For the esteemed newsmen of the embedded mass media of the USA to lecture the Chinese on human rights, they must turn their collective back on conditions in Iraq.
In Tibet, monks are roughed up by the police for the eager cameramen. In Iraq, dead bodies litter the streets, and the cameras stay away. In Tibet, there’s martial law, and hundreds have been killed or are in jail, as the reporters tell us. In Iraq, city streets are made impassable with concrete barriers, soldiers toss peoples’ houses in the middle of the night while holding their kids at gunpoint, a fourth of the population is homeless, tens of thousands are imprisoned, the dead are too numerous to count, and the reporters tell us next to nothing. Can we believe that the commercial media are really concerned about human rights in Tibet when they so assiduously avoid the subject in their coverage of Iraq?

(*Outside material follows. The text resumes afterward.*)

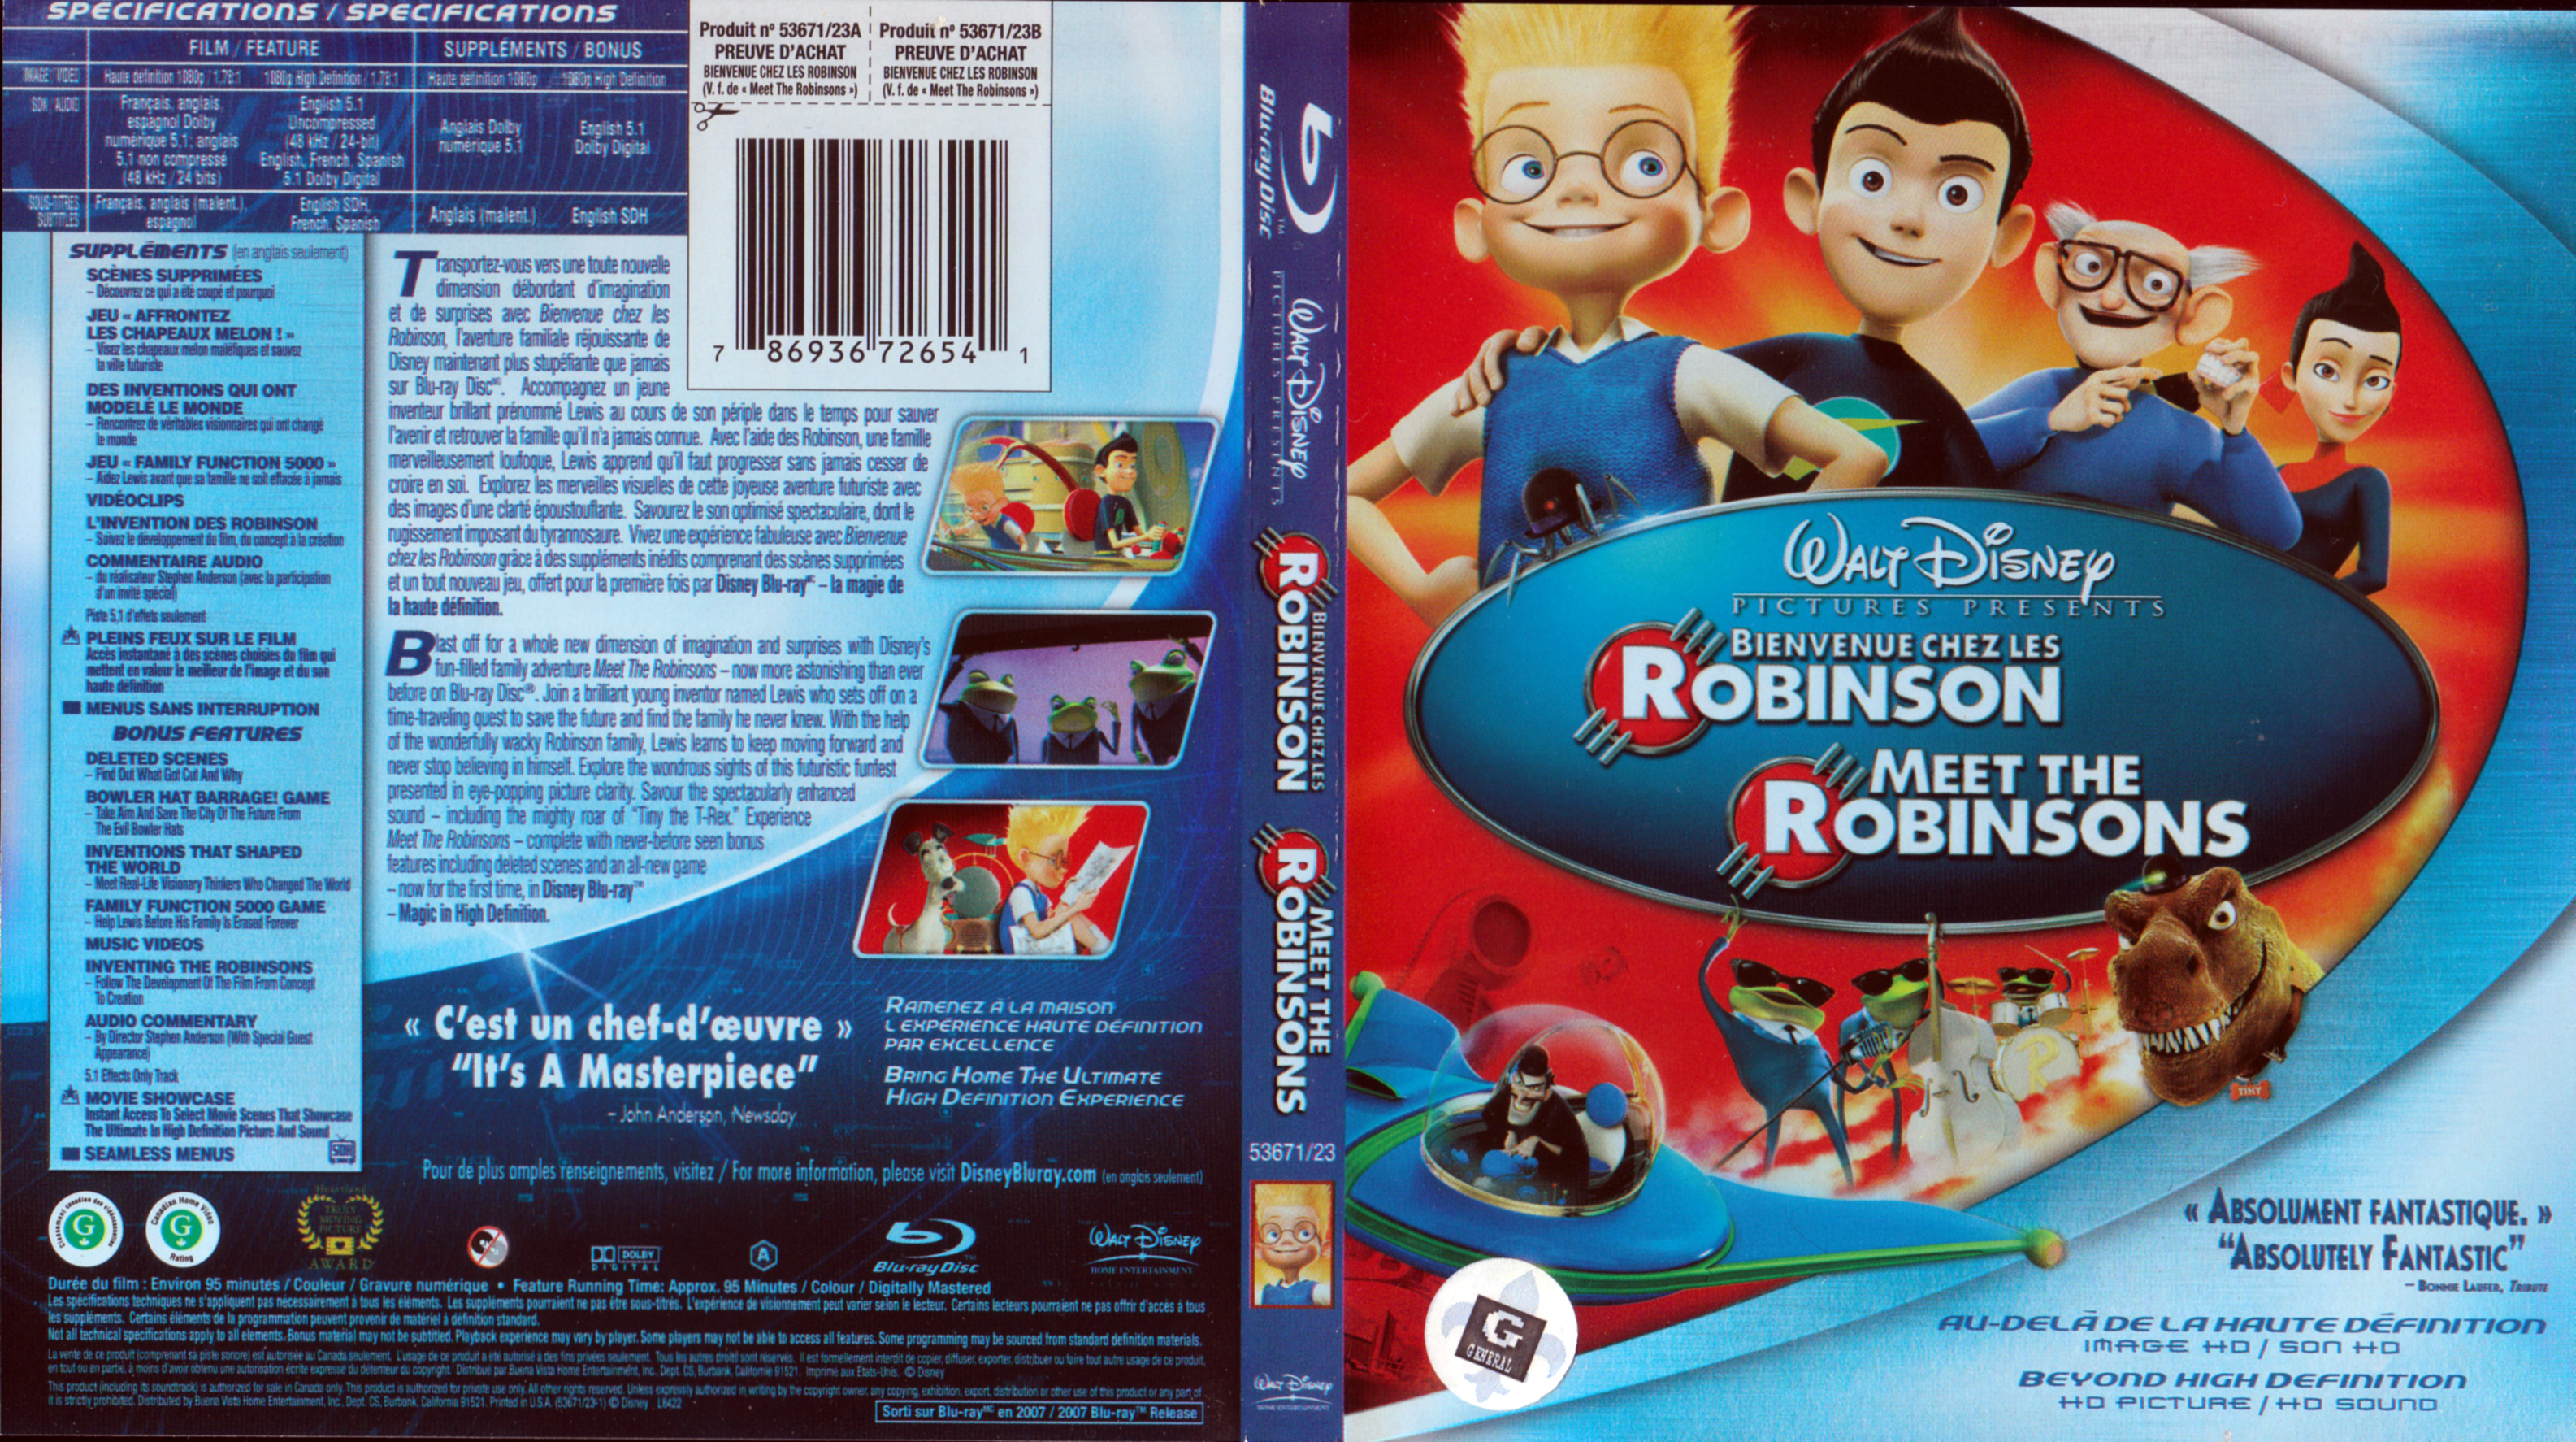 Jaquette DVD Bienvenue chez les Robinson (BLU-RAY) (Canadienne)

Media critics estimate that Iraq today receives a fraction of the news coverage that it got a year ago. Thousands of American soldiers have died, and tens of thousands have permanent injuries, but the people don’t know that, because the soldiers’ stories are suppressed. Every Iraqi child knows what’s going on there–the schools are closed and it’s too dangerous for them to go out–but US news-consumers are denied access to real-life conditions by their “free press.”
When we bring this occupation home, as we must, I hope we will hold accountable the private war profiteers in the media who helped spark the violence, who made money on it while it was popular, and who turned the cameras away when the audience got offended. The purge of irresponsible commentators and other venal celebrities mustn’t stop with Don Imus.